I just read an interesting story on CNBC.com, “The Trick to Weaning Shoppers Off Discounts” which discusses how several retailers are faring after switching to more of an “everyday price” approach. The key points of the article are that:
- significant changes in discounting strategy need to be implemented gradually, something that JCPenney ignored with painful results;
- a truly differentiated retail experience is needed to keep shoppers engaged without requiring constant price incentives, such as at Apple Stores (other examples are IKEA and Trader Joes).
My shopping behavior for certain products or retailers is definitely influenced by my expectations for discounts. Retailers that continually send me discount offers are in essence changing the way I act, but not in a way that is in their long-term interest since I will not make purchases until I receive my offer. As the story notes, the use of blanket discount offers is hard to stop since it creates a lower perceived value in the minds of consumers – an alternative to consider is using rewards for loyalty or achieving purchasing thresholds.
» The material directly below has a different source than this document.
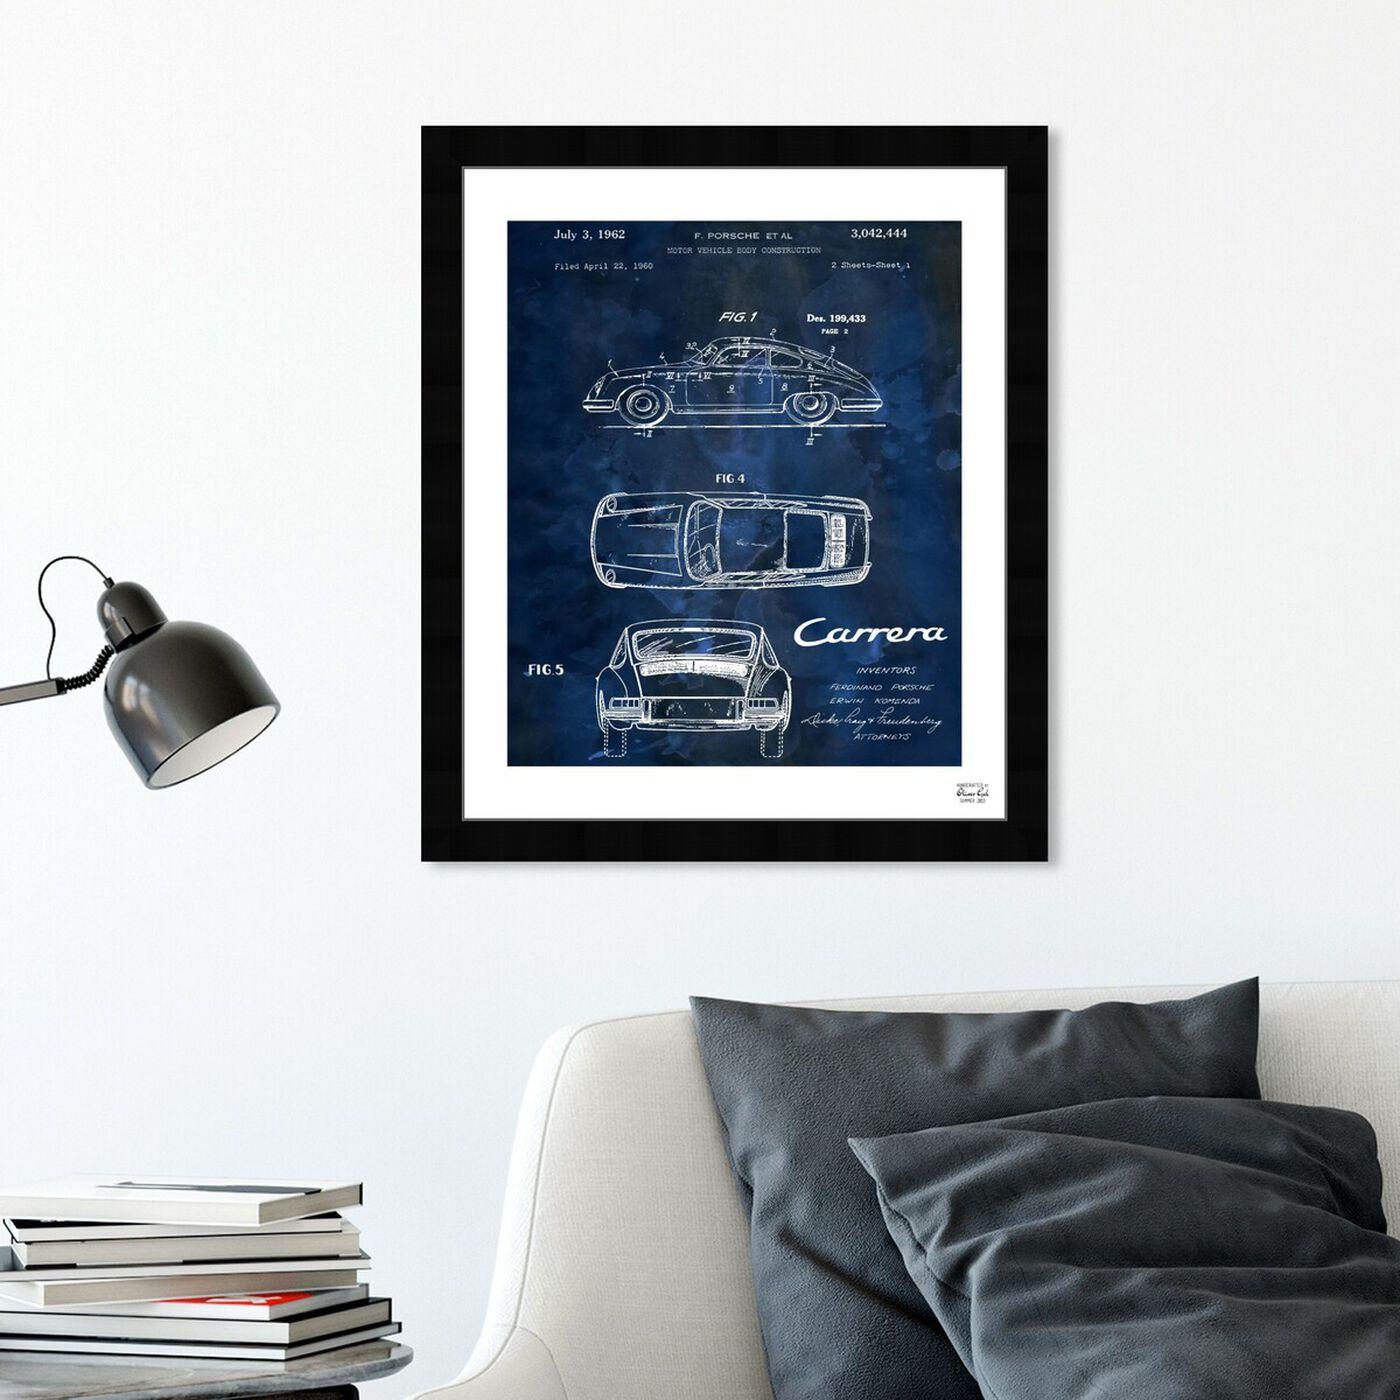 Hanging view of Carrera Porsche 1962 - Bleu featuring transportation and automobiles art.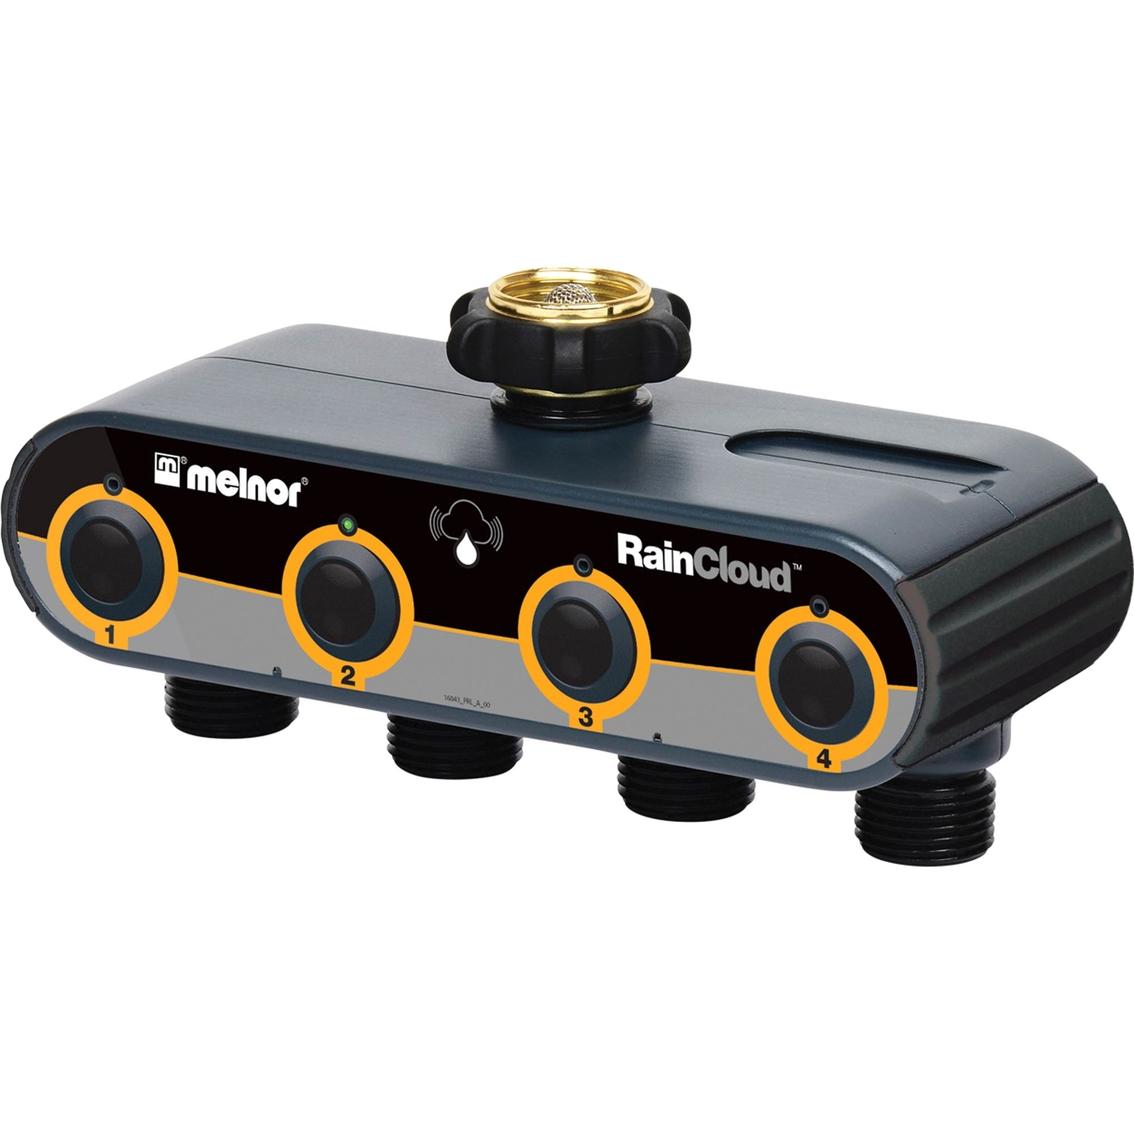 Melnor Wireless Timer Faucet Unit | Hoses & Sprinklers | More | Shop ...

In order to move away from a dependence on discounting to drive sales, retailers must have a precise understanding of how their pricing tactics are affecting customer behavior. Comparing the effectiveness of different tactics, and measuring the elasticity of demand as discounts are increased or decreased are critical insights into determining your company’s options for changing a discounting strategy. If you don’t have the capabilities to effectively measure your customers and their buying behavior, you won’t be able to make informed decisions and successfully make this transition.